Category 1 · New England

Mount Washington Auto Road

12.2 km of private toll road at an average of 11.8 percent — the toughest paved hill climb race in the United States.

Length
12.2 km
Avg gradient
11.8%
Max gradient
22.0%
Summit
1917 m
Ascent
1457 m
1836 m 759 m 0.0 km1.3 km2.7 km4.0 km5.4 km
+1077 m ascent−61 m descentMax grade 49.7%

Where it is

The Mount Washington Auto Road climbs the eastern flank of New Hampshire's Mount Washington, the highest peak in the northeastern United States.
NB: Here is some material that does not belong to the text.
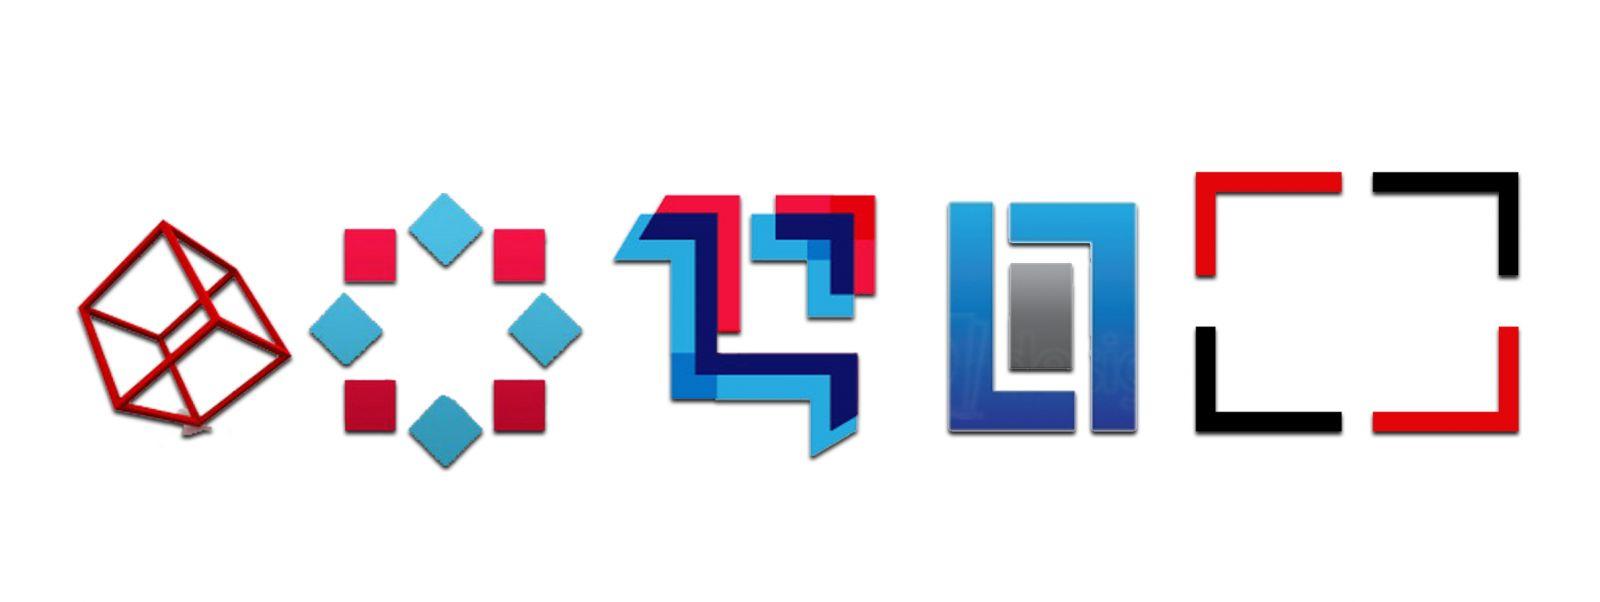 thiet ke logo hinh vuông

It is a private toll road, and is closed to cyclists except on two days per year — the Mount Washington Bicycle Hill Climb in August and a smaller "Newton's Revenge" race in July.

What makes it iconic

There is no easing on the Auto Road. The gradient starts at around 11 percent and never relents. The middle is a sustained 12 to 14 percent. The final 100 m, after passing the alpine treeline, ramp to 22 percent on dirt — the only unpaved section of the climb. Tyler Hamilton's 49:24 from 2006 stood as the record until Phil Gaimon broke it in 2021 with 49:09.

Race history

The Mount Washington race dates to 1973. It is a uniquely American event — no big peloton, no GC, just an individual time trial against gravity. The summit is often above the clouds and weather can shift dramatically; the mountain holds the historic record for highest surface wind speed measured by humans, at 372 km/h.

Pacing

The Auto Road is too steep for tempo. Aim for the highest sustained effort you can hold for an hour at threshold or just below, and accept that the closing dirt ramp will be done on character. Gearing of at least 34x32 is required for most riders; many use mountain bike triples or 1x setups.

Practical notes

The road is only legally open to bicycles during the race events. The summit is cold (mean July high of 13 °C) and frequently above the cloud line. Descent is by support vehicle — bicycles are not allowed to descend the road. Bring multiple layers for the summit and post-race ride down.